An extra place is set for the Lares just as is done at a seder at Passover in Judaism. Their plate would be passed around the table for everyone to offer a portion of their meal, and libations of wine would likewise be poured for the Lares. After the meal, if not held outdoors, these offerings would be taken to a special place for burial. Here the family’s ancestors are invited into a welcoming home, to remain as Lares if they will. They are addressed and treated in the same manner as though they are your grandparents, for in a sense the Lares are just that. They are honored every morning, every evening, and at the phases of the moon each month.

Now that we have chased out the unwanted Manes from the house, and invited in our Lares to remain, there remain the Lemures.
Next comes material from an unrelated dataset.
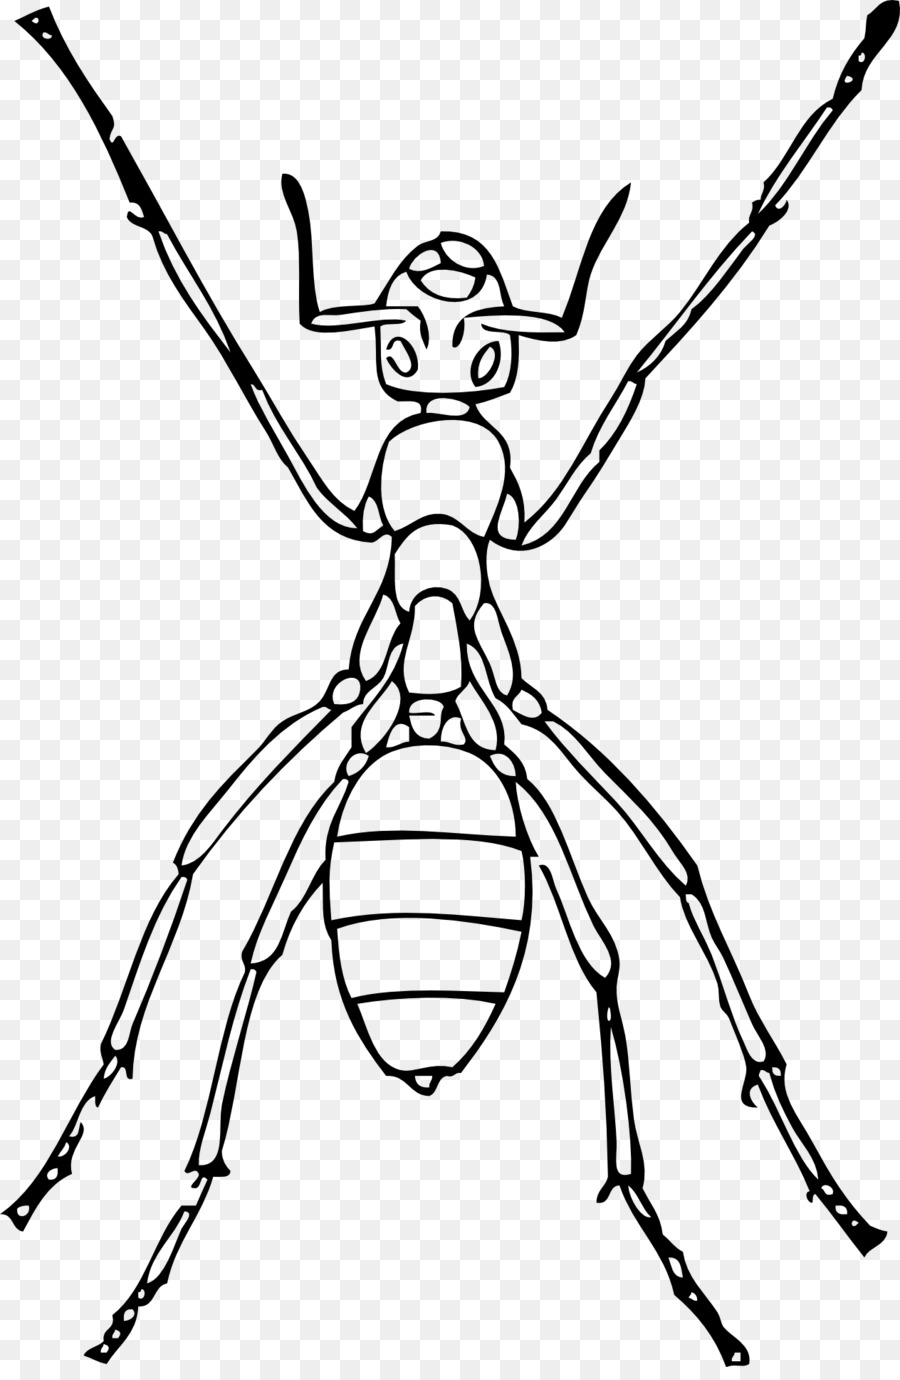 Insect clip art png. Ant clipart line drawing

Whatever has fallen to the floor during the meal with the Lares is careful swept up and brought outside for them.  Rather than a place set, offerings for the Lemures are provided on pottery shards, or broken china. The bowl of water is accompanied with a ragged towel. Flour, bread, salt, olive oil, and milk or water is left for the Lemures at a crossroads where one street or alley dead ends into another.  Other gifts might be offered as well, like pebbles or copper coins, but nothing too good, and not too much. Maybe fruit and vegetables, but not meat. The idea is to show the Lemures the respect that is their due, but not make things so well for them that would wish to remain. They are to be sent on their way.

Shrine of the Manes

Then again, you might have some Lemures who you would wish to stay around to assist you. Since they are not family, and you wouldn’t want to invite unknown Lemures into your home, a place may be set up for them outdoors. At right is a little shrine for the Manes. Just a small pile of stones, and a crudely carved image is here to mark the spot. In front of it offerings have been buried over in a fire pit. Weeding the garden, they too are pile before this shrine. The Manes are called upon to carry away the spirit of the weeds, in hopes they won’t return. Likewise when the house is purified each month, what has been swept up with the grain offering is buried outside in front of the Manes. And then with a libation of wine, and maybe some of the juices from meat, they are called upon to remove whatever ills and impurities were expelled from the house.

There are different categories of Manes. Each have their place, and each are given their due.  Some belong within the home, some in public places, others on the roads where they travel, and some in the fields and gardens. How one treats with each kind differs somewhat. But in that way we define our relationships with the dead just as we do with the living. And for each of them our prayers ask that they may enjoy an eternal spring on the Blessed Isles across the western seas.